Gu-Xiong, 1991: The Crusher

While revealing his sketches for a proposed series of paintings based on crushed cans, Gu Xiong said that common objects look dead, and are only made to come to life when they are “Killed.” A neat irony, one that can take off in many directions.

Discarded cans of pop, cafeteria trays, dirty kitchen utensils (his present reality where he works as a busboy at the U.B.C. cafeteria) were manufactured to serve a purpose. But once used (and the Coke cans often crushed by the students for reasons unknown to Gu Xiong) they must be seen in a different light. Like knives and forks, the symbols have changed, and can continue to reverberate for years to come. John Chamberlain’s crushed automobile bumpers aimed to express a principle of abstract and pop art sculpture. Gu Xiong takes his discards in another direction, towards a compelling obsession of a different kind.

Gu Xiong set out to make a group of painting for his current one-man show at the Diane Farris Gallery (artists often insist they have only an aesthetic purpose in mind); but such thoughts must have been lying just below the surface.

Although he may not often speak of it, he must also feel occasionally crushed by the burden of enduring as an artist while trying to survive economically, socially and linguistically in a country remote from Cultural China, where he was born. Even on the simplest levels which we born on this content, take for granted, such as how to dial 911 in an emergency, how to look up something in the yellow pages, and the nuances of behavior in order not to offend others, Gu Xiong and others like him may find themselves at least perplexed, even sometimes in danger.
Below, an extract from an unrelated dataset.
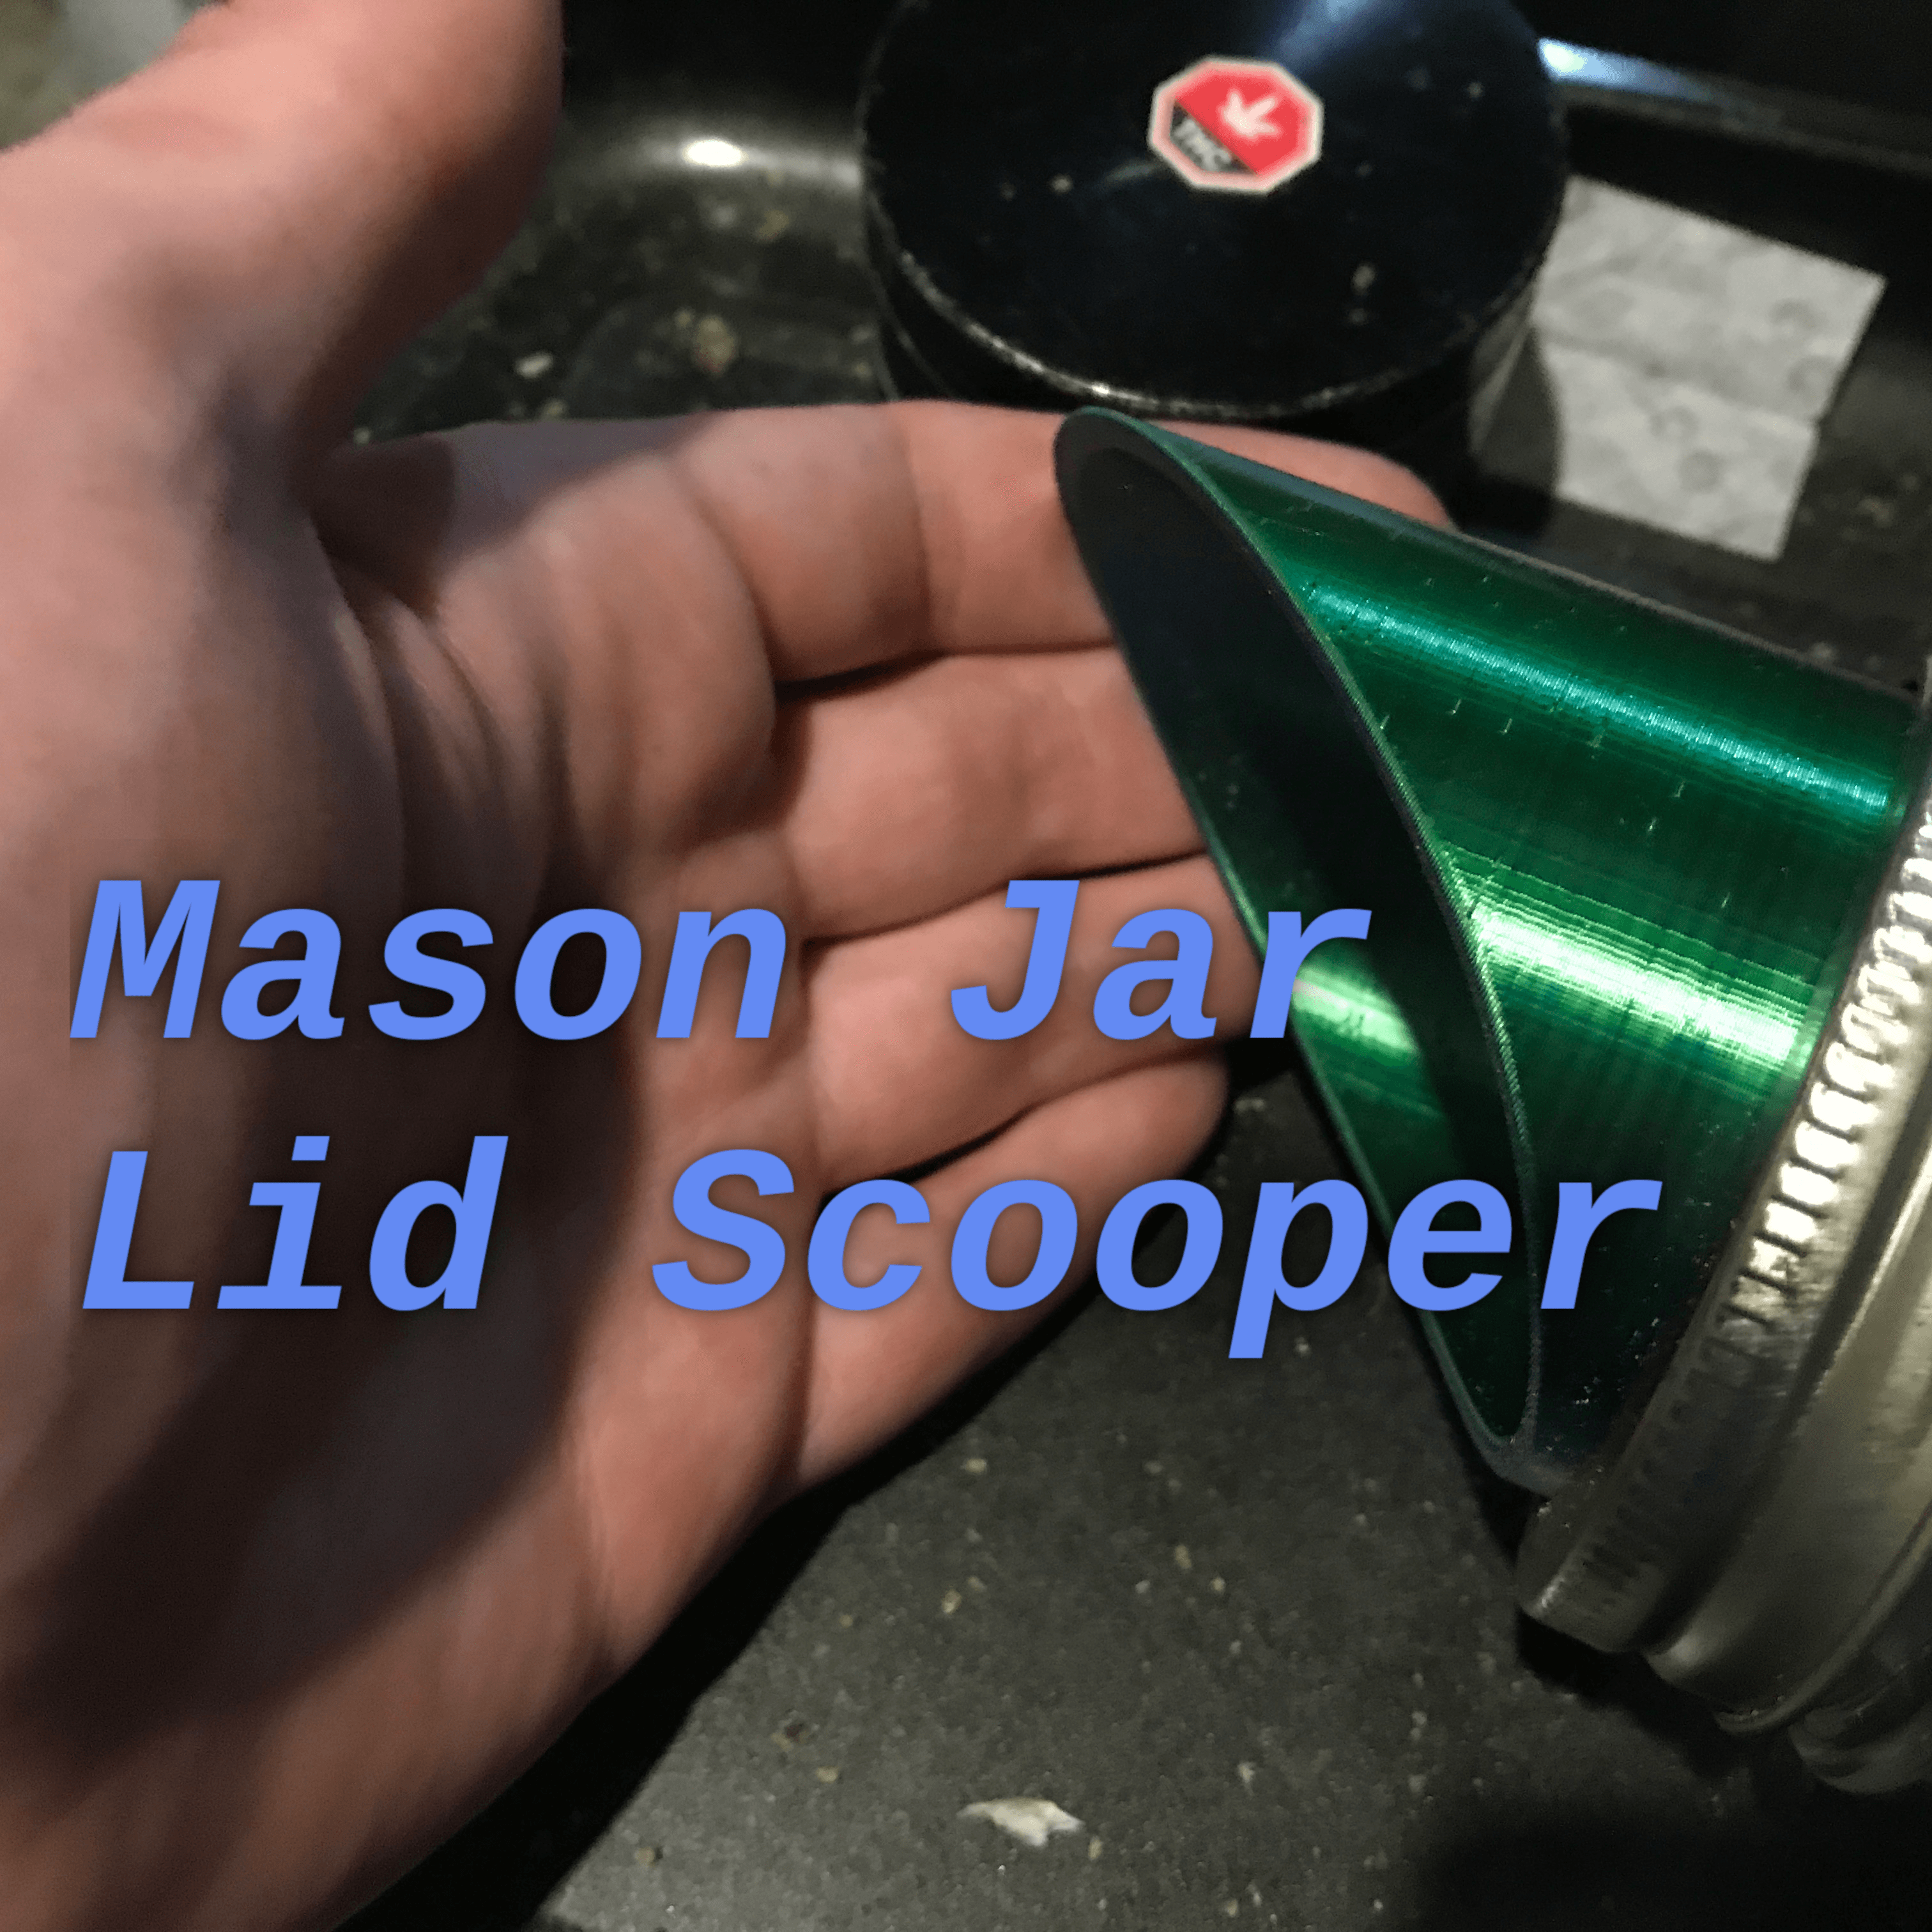 Mason jar scooper attachment 3d model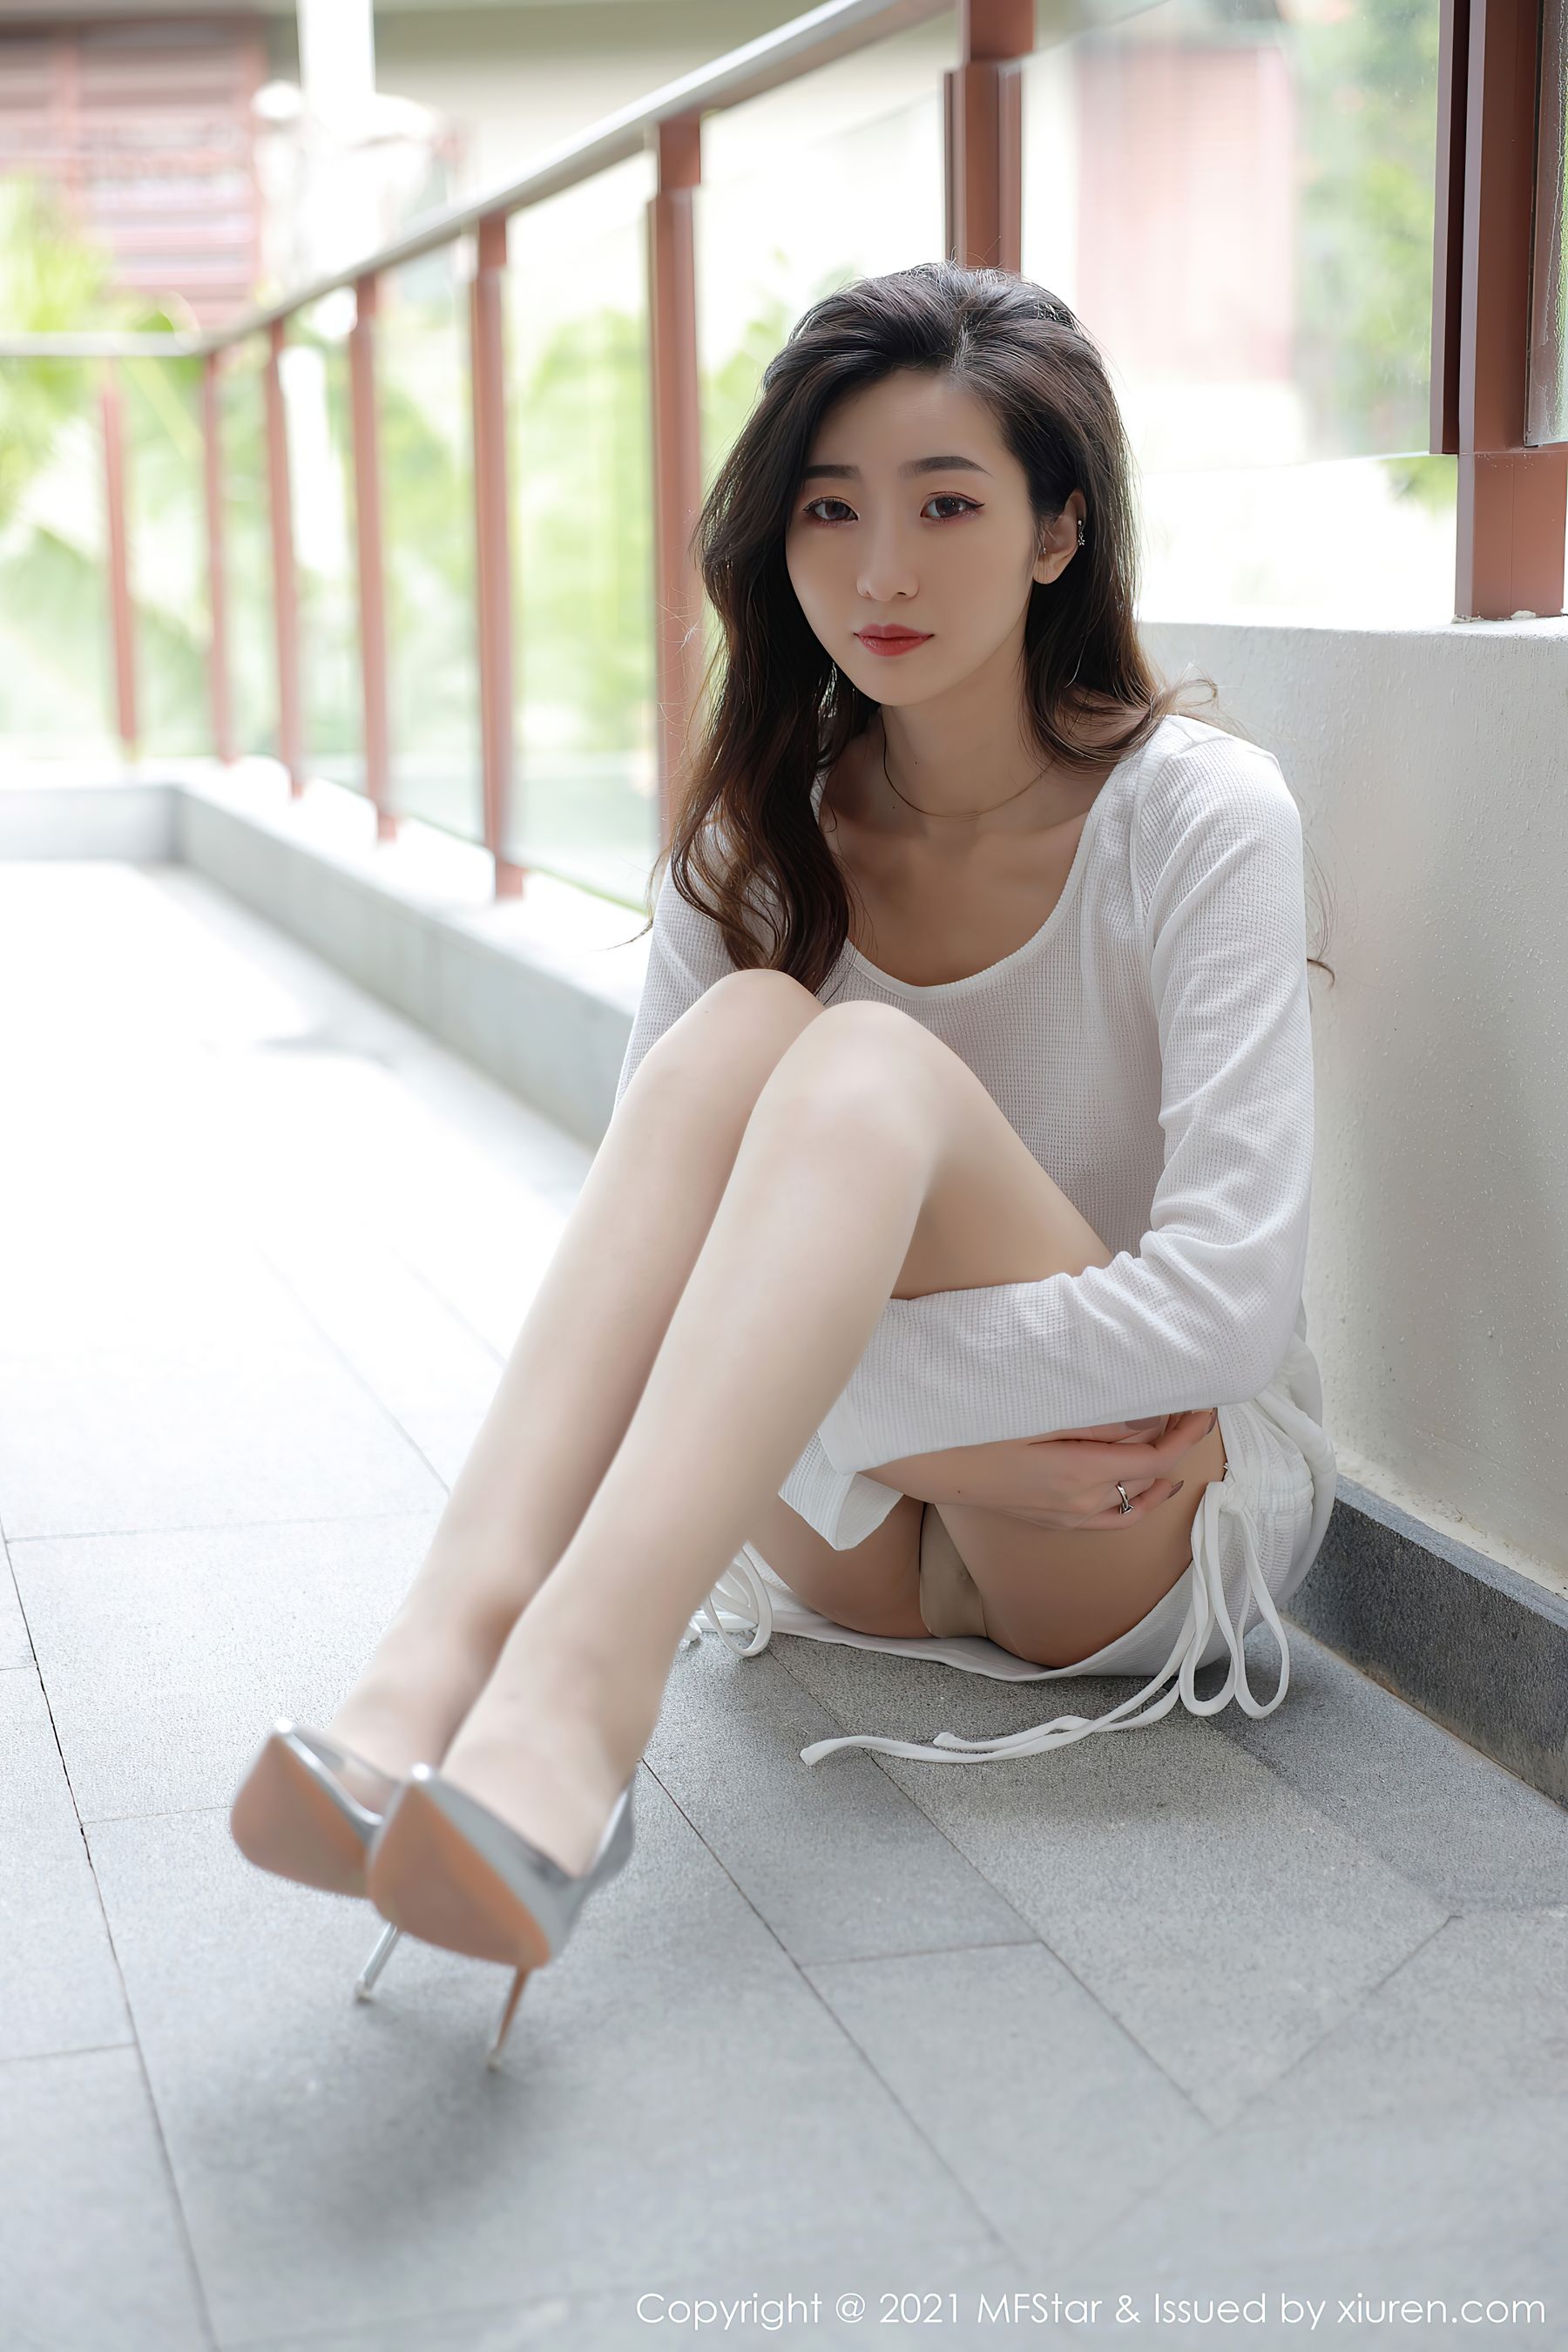 Angie Yee. long legs. girl.

We cannot observe these paintings without thinking of the iconic portraits and series work by Andy Warhol. But because Warhol’s art seems neutral, there is a certain emotional flatness about them. Gu Xiong’s crushed cans are varied, and take on the same diverse character that we see in people, even, in fact, the personality in the crusher. Thus they become individual portraits, each different from the other. This lends them much vitality and interest, enabling us to contrast them with each other, but also to witness their total impact at this exhibition.

His technique in paint has emerged out of his earlier concentration on drawing and woodcuts. This helps to explain the directness, the clarity, the linearity of these images, as well as their string contrast of light and dark. But, as with Lao-Tse, these frontal, “realistic” portraits may be “succinct to the point of obscurity.”

Gu Xiong is a classic example of an artist straddling two cultures, both of which provide substance and pain, and which find their way into his work in an amalgamation of early Chinese influences and Western expansion and daring. Together, they provide a richness of experience and an electrical charge that neither culture alone might have been able to inspire in him.


A leading art critic in Canada, Alvin Balkind has served as the director of the Banff Centre Fine Arts Department and as chief curator for the Vancouver Art Gallery.